Pulusu Dosa is an authentic Vysya Cuisine. It is a very tasty dosa that needs no fermenting. You can make the dosas right away! Also, this needs no side dish and can be eaten with raw onions/powdered sugar/ghee/butter/curd/pickles. Now, to the recipe!
Raw Rice: 2 cups
Coconut: 1 cup
Jeera: 1.5 tsp
Hing: ¼ tsp
Red Chilli: 5
Curry Leaves: 2 spring
Jaggery: 1 tbsp
Tamarind: ½” piece (optional)
Salt: as required
Oil: for making dosa
Mustard: ½ tsp
Urad dal: 1 tsp
Oil: ½ tsp
Chenna dal: 1 tbsp
Coriander: ¼ cup chopped
Soak the chenna dal for at least 2 hours in a bowl and keep it ready.
Clean, wash and soak the rice for four hours. In a mixie grind the coconut,jeera,hing,red chilli,curry leaves,jaggery and tamarind to a fine paste and add the required salt. You can grind the rice in a grinder/mixie. Mix both the ground paste. Add the water required to make the batter of pouring consistency (like rava dosa).

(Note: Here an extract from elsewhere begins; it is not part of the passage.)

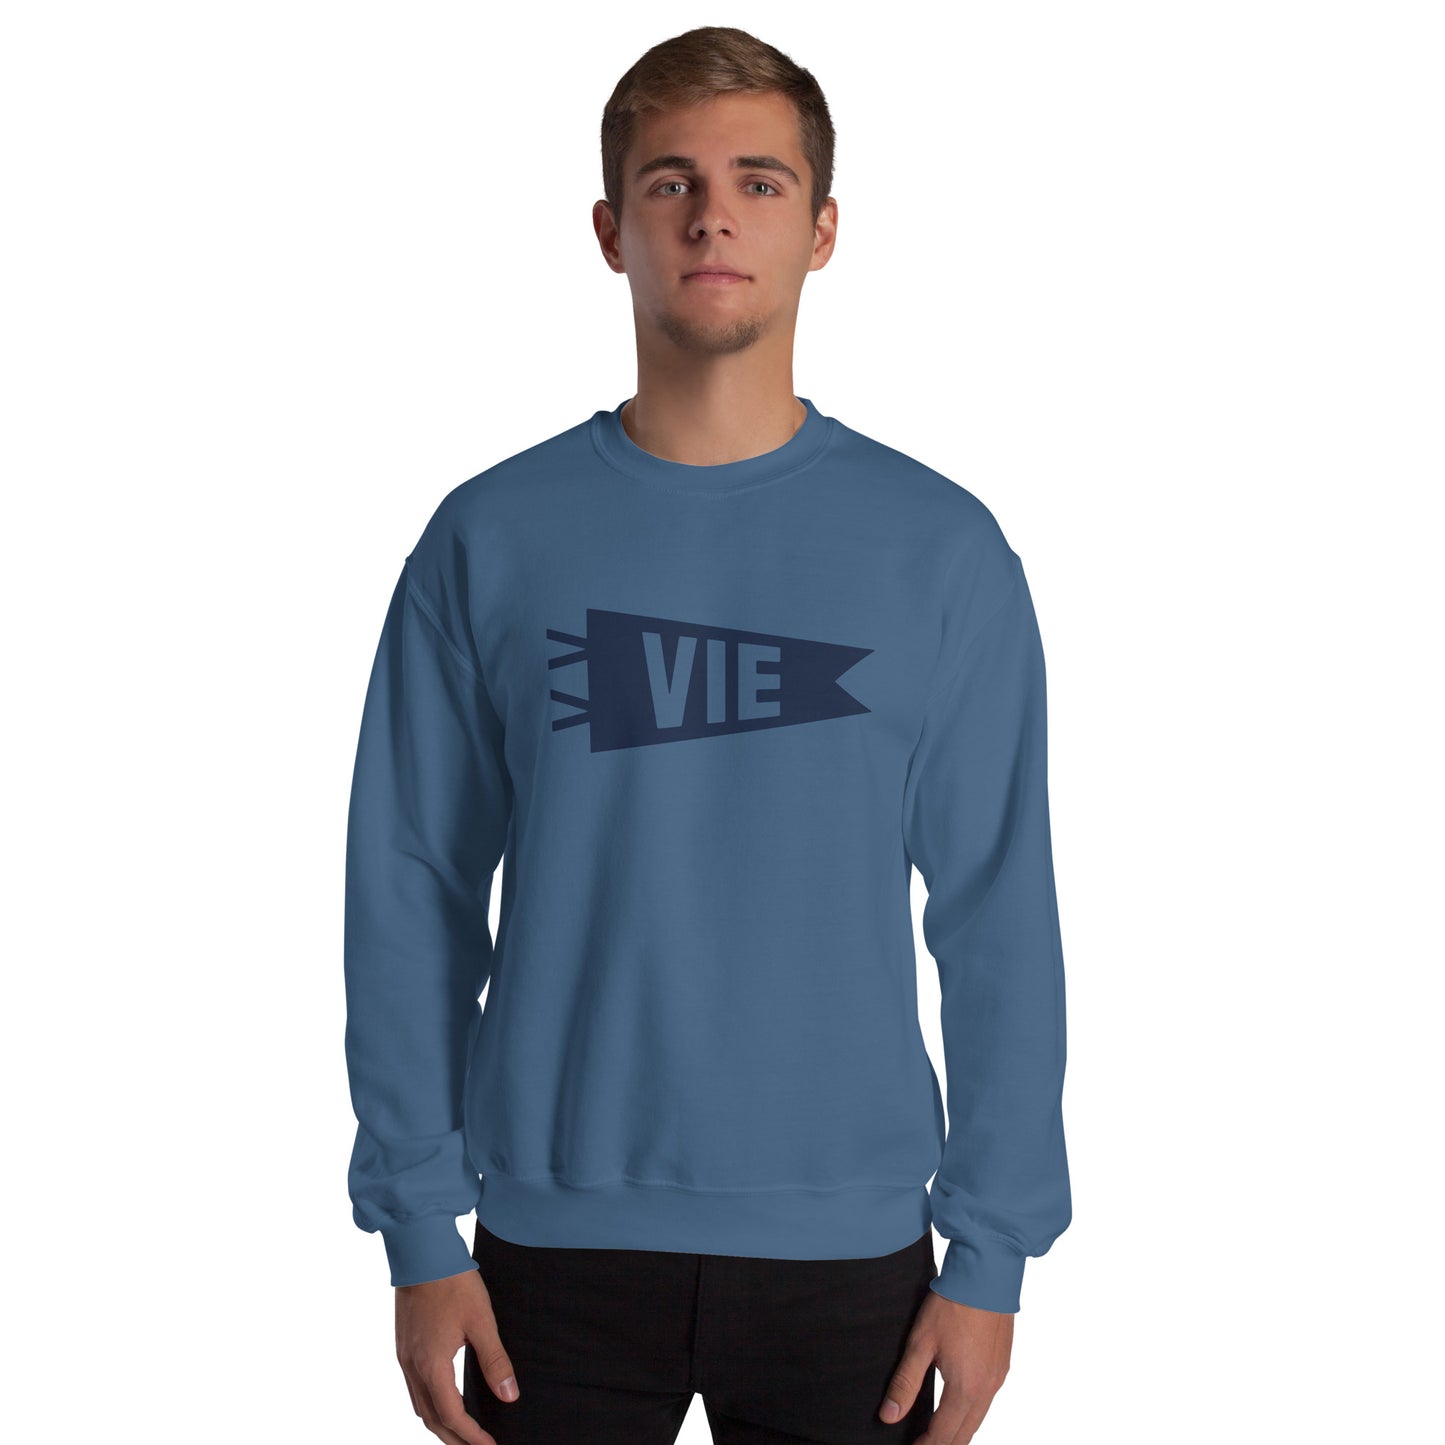 Airport Code Sweatshirt - Navy Blue Graphic • VIE Vienna • YHM Designs - Image 06

In a seasoning pan do the seasoning and mix with the batter. Then add the soaked chenna dal and chopped coriander leaves and mix to the batter.
In a tawa make dosas like you do for rava dosa. Close and cook and flip to the other side and cook until it is golden brown.
You can make soft or crispy dosa according to your preference. Enjoy!
- If the dosa is not soft add more coconut next time.
- Add spring onions for extra flavour and taste. Chop it finely and add to the batter.
- Adjust the sweetness according to your taste.